Because of our approach to this in depth study of American poetry, this section of 435 is titled “American Sexual Poetics Revisited.” Many of the “major,” most canonized poets in American traditions are widely recognized as lesbian, gay, or queer (Emily Dickinson, Walt Whitman, Elizabeth Bishop, Hart Crane, Langston Hughes), and the various sexual dynamics of American literary history will contextualize our study as we begin by focusing on Whitman and Dickinson.

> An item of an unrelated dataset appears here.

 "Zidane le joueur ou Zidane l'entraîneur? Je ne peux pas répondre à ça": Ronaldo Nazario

To encourage reflection upon the term “American poetry,” we’ll begin the semester with our reflections focused on musings by Gwendolyn Brooks, and begin thinking about what counts as “American” poetry by examining Claudia Rankine’s Citizen: An American Lyric (to which we’ll return later in the semester) and Bruce Springsteen’s “American Skin (41 Shots).”

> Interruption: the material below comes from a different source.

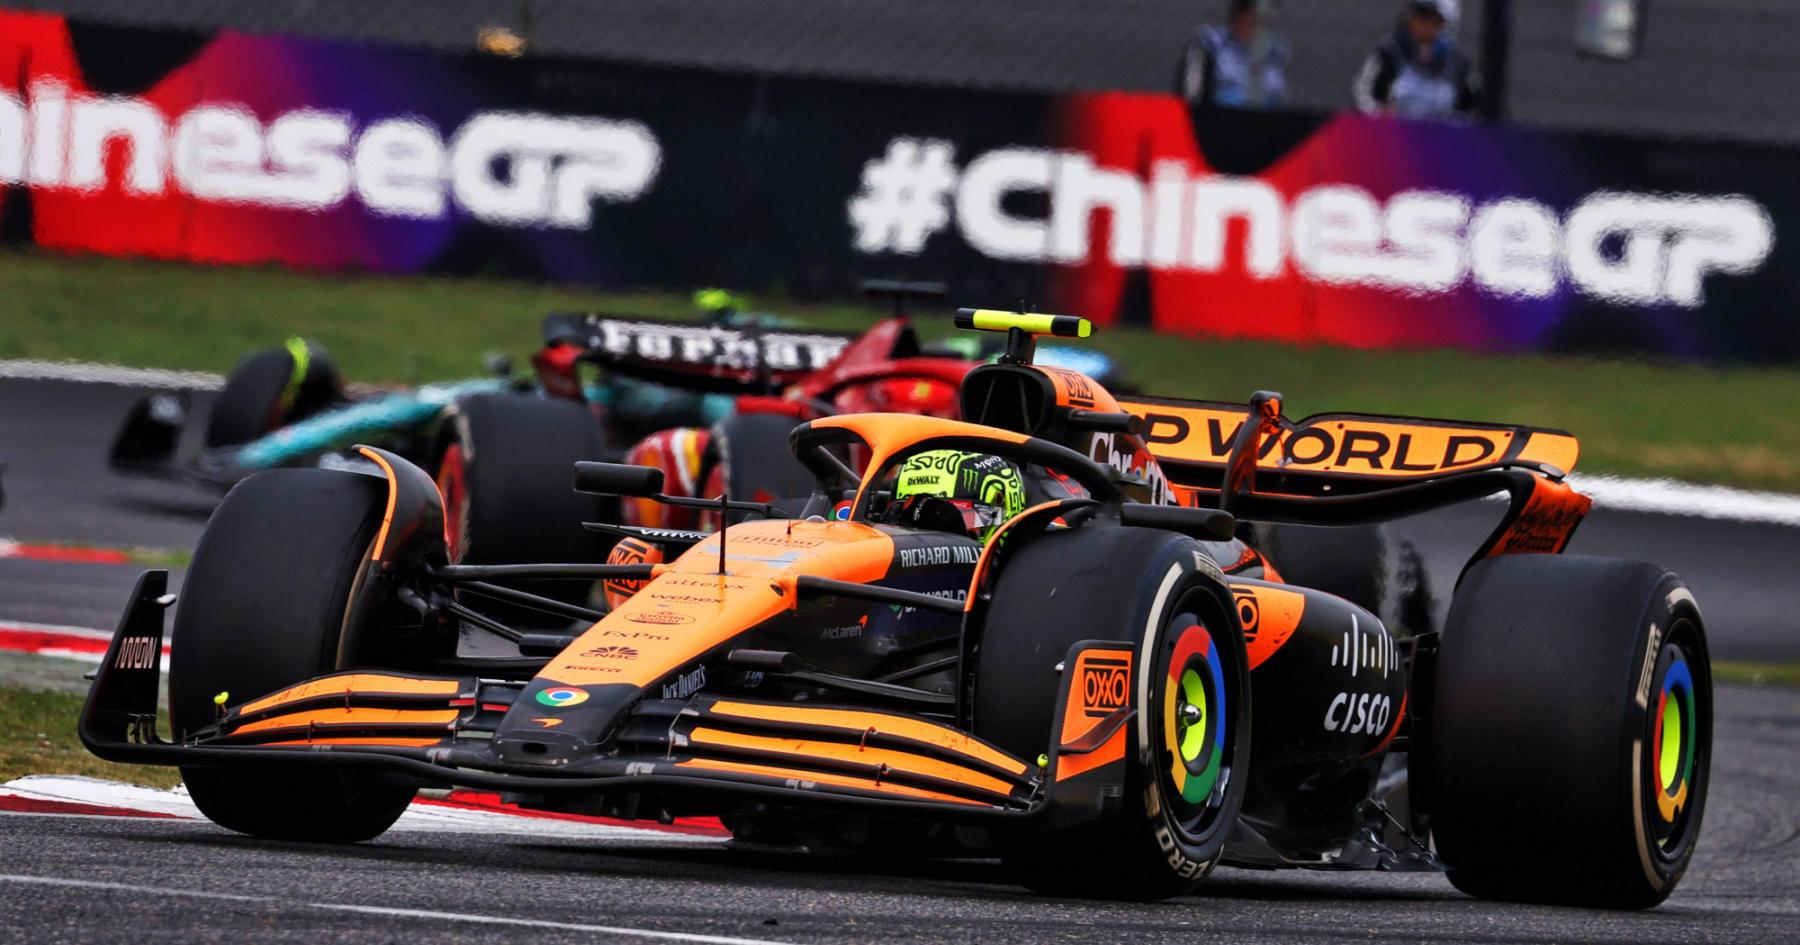 Revving Up Success: McLaren Secures Major Global Partnership Deal

With Audre Lorde’s “The Uses of the Erotic: The Erotic as Power” serving as background,
we’ll then engage in an intensive study of lesbian/gay/bisexual/transgender/queer
inscriptions in American poetry. Doing so, this course will then examine the poetic
productions and cultural reproductions of poets such as the diverse group collected into the
Masquerade anthology, including these names you might well recognize (besides those
already mentioned): W. H. Auden, Willa Cather, Hart Crane, Countee Cullen, Alice Dunbar-
Nelson, H.D., Angeline Weld Grimké, Thomas Wentworth Higginson, Sarah Orne Jewett, Amy
Lowell, Mina Loy, Claude McKay, Herman Melville, Edna St. Vincent Millay, Richard Bruce
Nugent, Muriel Rukeyser, George Santayana, May Sarton, Gertrude Stein, Henry David
Thoreau. Besides those, we will read Adrienne Rich, Mark Doty, Audre Lorde, Judy Grahn,
and Minnie Bruce Pratt, Allen Ginsberg, James Baldwin, Essex Hemphill, Frank O’Hara, May
Swenson, and Kay Ryan (former poet laureate). While we will probe ways in which LGBT or
queer expressions are inflected by issues of race, gender, class, and high/low culture, we
will especially scrutinize ways in which the performances and receptions of poets identified
(by themselves or others) as LGBT or queer may perpetuate, challenge, and modify cultural
mythologies about sexualities and their relevance to national, literary, artistic, aesthetic,
and political endeavors. Written assignments will be two 1-2 pp. close reading papers,
regular contributions to discussions online, and a proposal for and then production of a
longer, more ambitious essay, blog, or other website production (the equivalent of 6-9 pp.
paper) exploring in depth some aspect raised by our course of study.